At a press briefing in Accra on Monday, October 6, 2025, GUTA President Dr. Joseph Obeng cautioned that the rising utility costs are crippling local industries, inflating the prices of goods and services, and discouraging both domestic and foreign investment.

“We all realise that we are participating in AfCFTA, yet Ghana is lagging behind. Our goods cannot even compete with those from Togo. The high cost of doing business here, especially utility tariffs, has been a major setback,” Dr. Obeng lamented.

Background

Ghana was among the first countries to ratify and host the AfCFTA Secretariat in 2020, positioning itself as a gateway for continental trade.

The initiative aims to create a single market for goods and services across 54 African nations.

However, five years into implementation, Ghanaian businesses are struggling to stay competitive due to unfavorable production costs, largely driven by recurrent utility tariff hikes.

Over the past two years, electricity tariffs have increased by over 30%, while water tariffs have also seen multiple adjustments.

These surges, driven by operational deficits and currency depreciation, have hit industries hard — from small traders and manufacturers to large-scale exporters.

GUTA’s Call For Urgent Policy Review

Dr. Obeng emphasized that the government and the Public Utilities Regulatory Commission (PURC) must take immediate steps to review the current tariff structure.

He argued that while other African countries are providing incentives to attract investors, the cost structure is pushing businesses to the brink.
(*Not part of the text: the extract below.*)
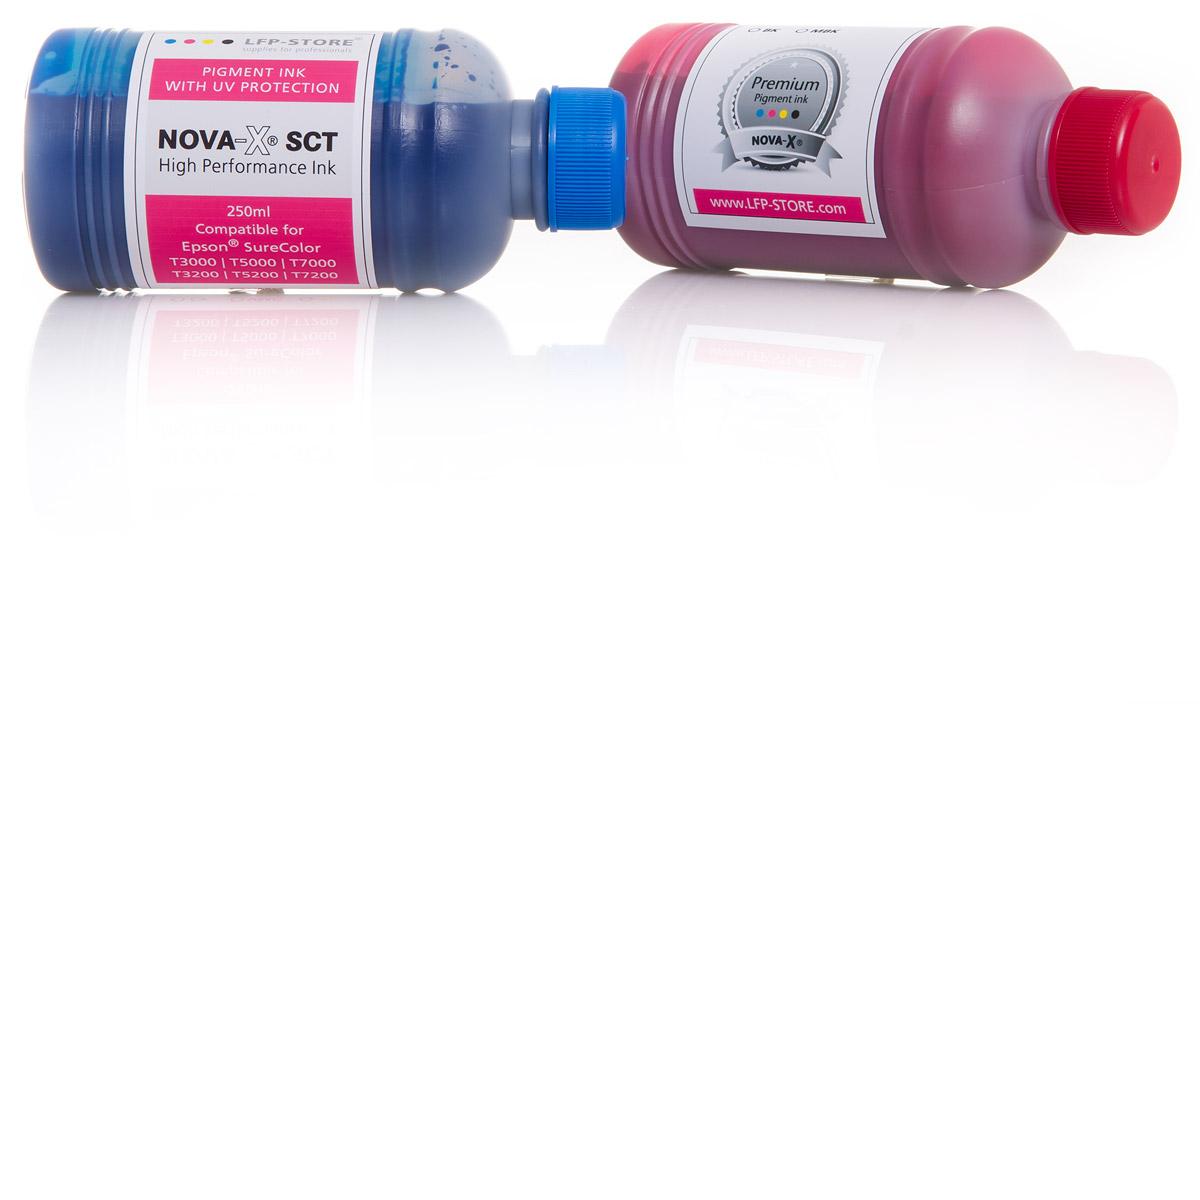 250ml NOVA-X® SCT Tinte kompatibel für Epson® SureColor SC- T3200 T5200 T7200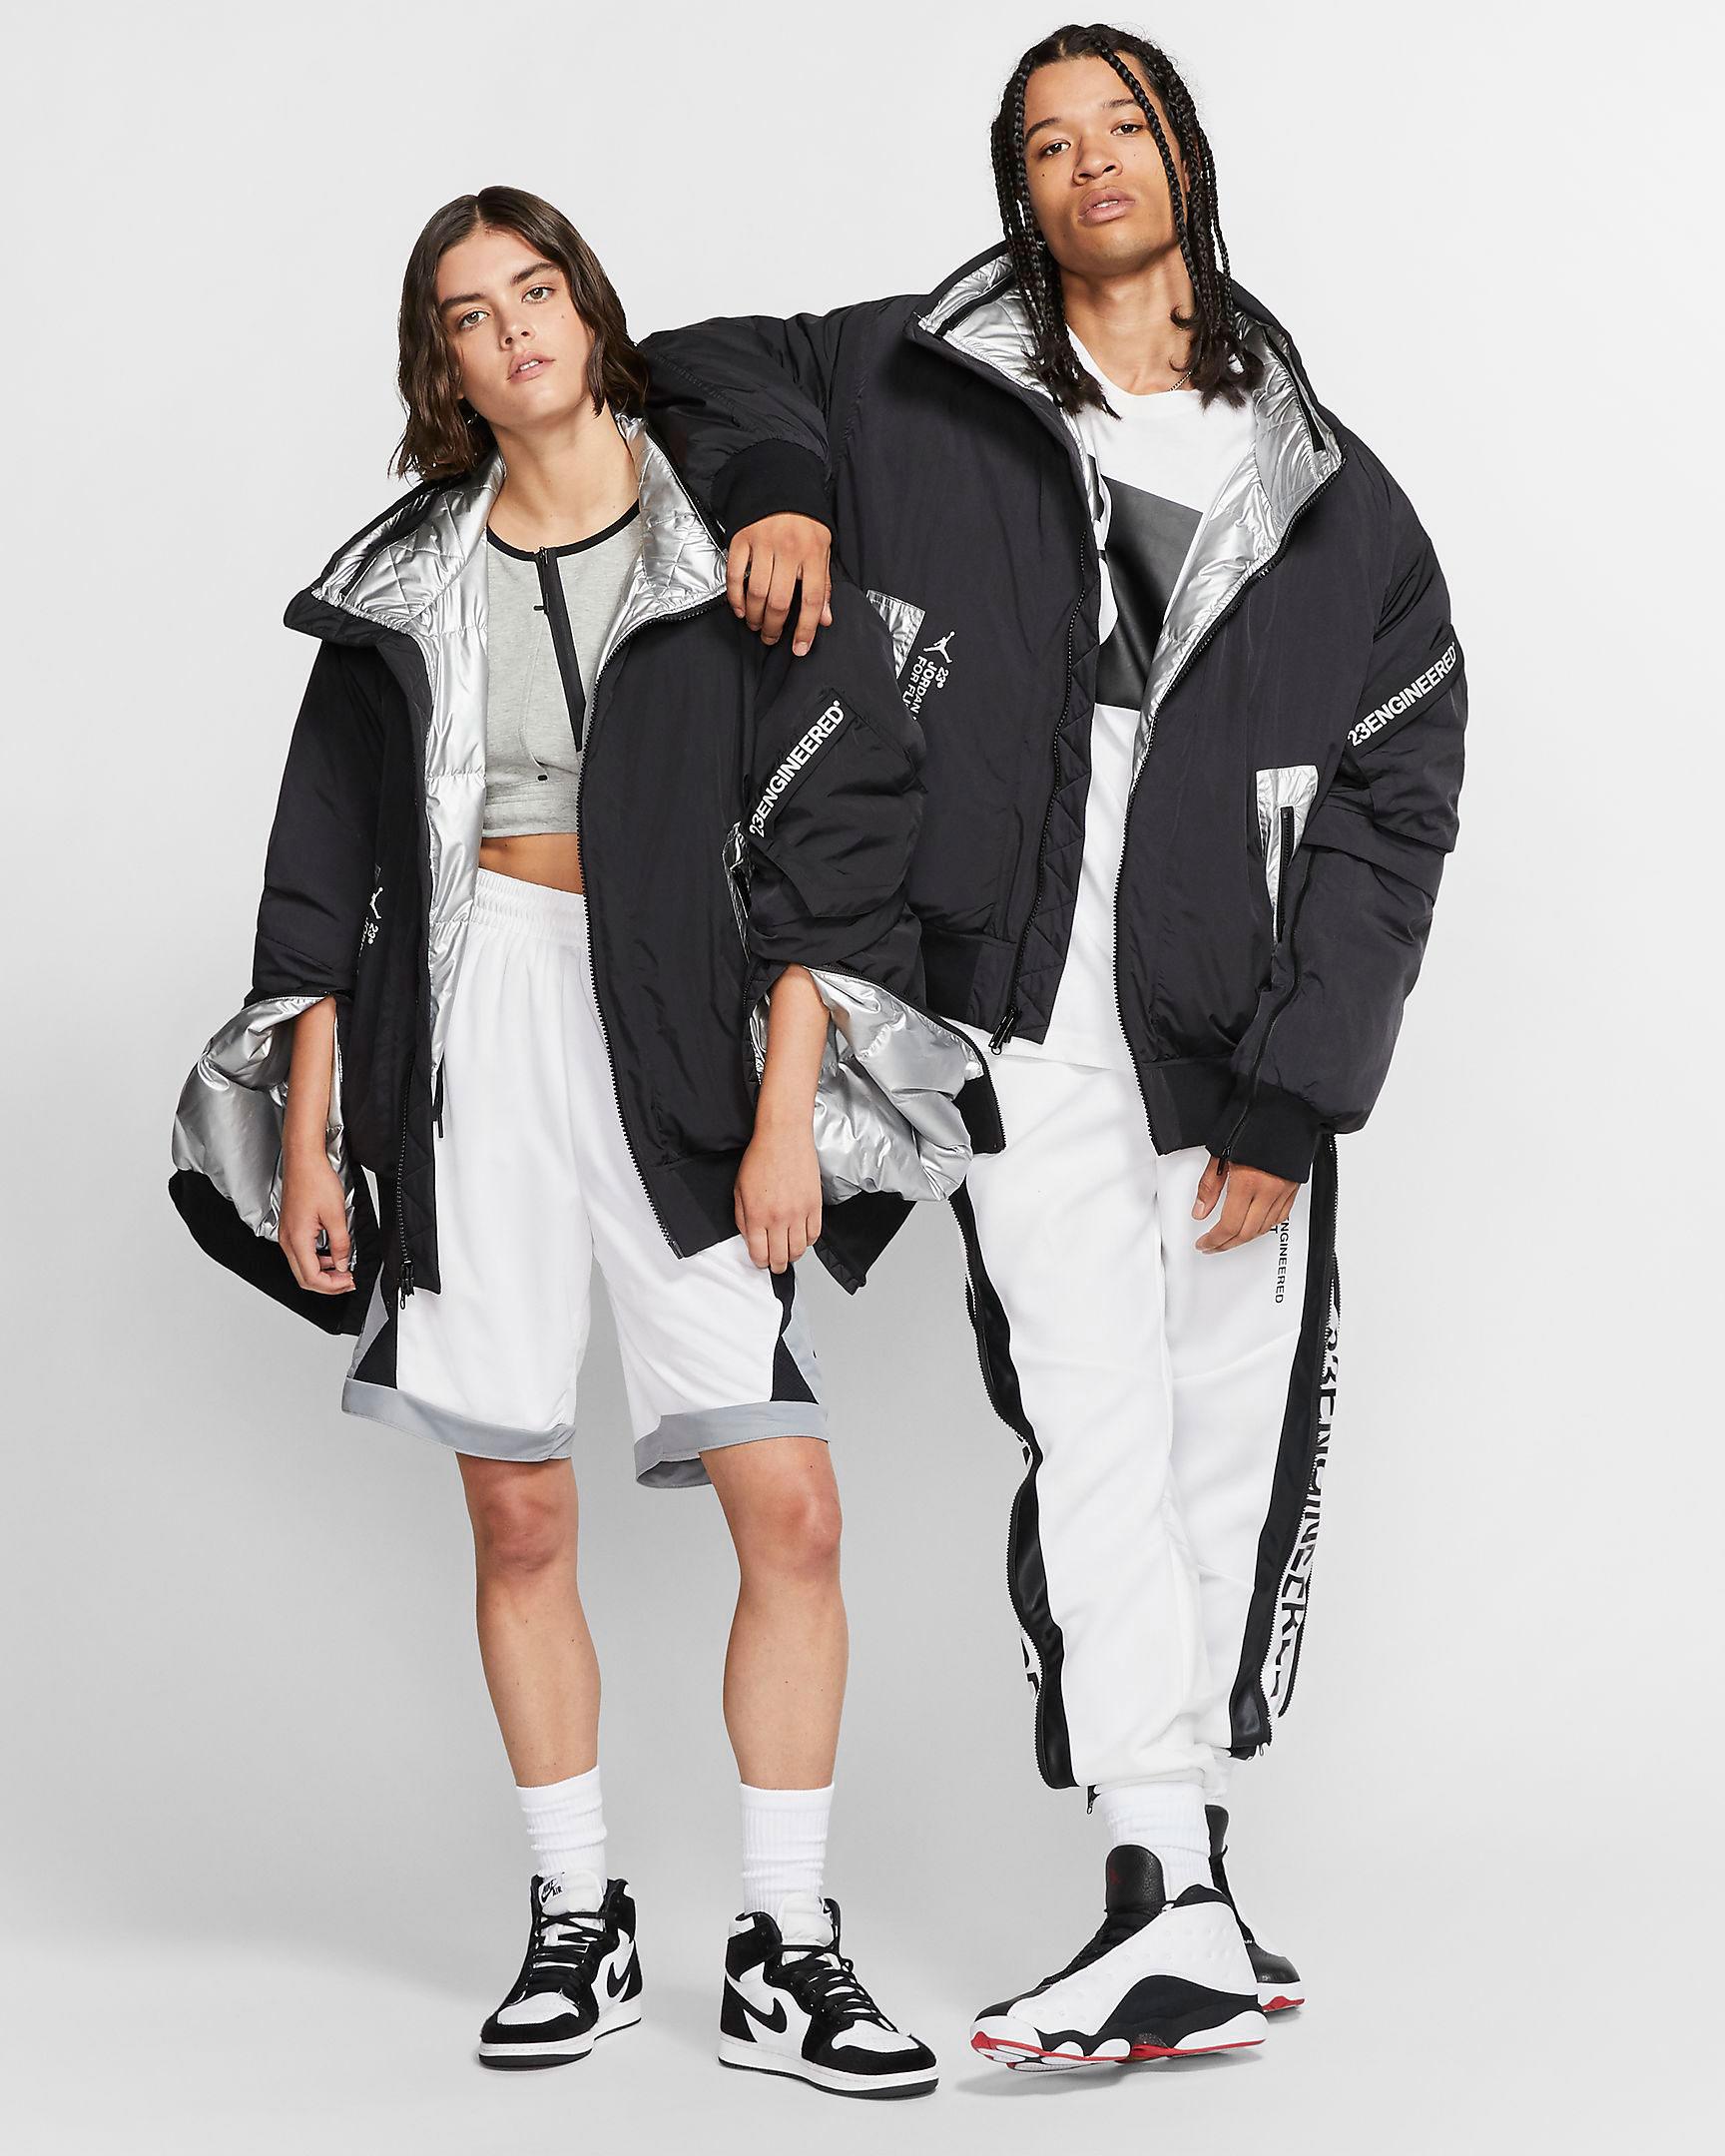 jordan-23-engineered-ma1-down-jacket-black-silver-10

“We cannot talk about competitiveness in AfCFTA when the cost of running a shop in Accra is higher than operating in Lomé or Abidjan,” he said. “This is not sustainable for Ghanaian enterprises.”

GUTA further urged the Energy Ministry to engage industry stakeholders to craft a fair and sustainable tariff framework that supports local production, protects jobs, and attracts investment under the continental free trade regime.

Food And Beverages Industry Joins the Outcry

Echoing GUTA’s concerns, the Ghana Food and Beverages Association (FABAG) also called for sweeping reforms within the Electricity Company of Ghana (ECG).

According to FABAG Chairman John Awuni, increasing tariffs will not solve the power distributor’s inefficiency problems.

“There shouldn’t be any tariff increment because no amount of increase can fix ECG’s problems. What we need is structural reform to reduce technical and commercial losses to acceptable levels,” Mr. Awuni stated.

He explained that frequent tariff hikes only deepen the financial burden on manufacturers, who are already grappling with high taxes, volatile exchange rates, and inflation-driven costs.

Private Sector Frustration Deepens

The private sector’s frustration has been building for years. Business owners have repeatedly complained that the high cost of utilities, logistics, and port charges make it difficult to compete with regional neighbors whose governments have introduced subsidies and infrastructure incentives to boost exports.

Industry analysts warn that if the trend continues, Ghana could lose its competitive edge within the AfCFTA market to countries like Kenya, Rwanda, and Côte d’Ivoire, which have managed to maintain lower utility costs and stronger industrial policies.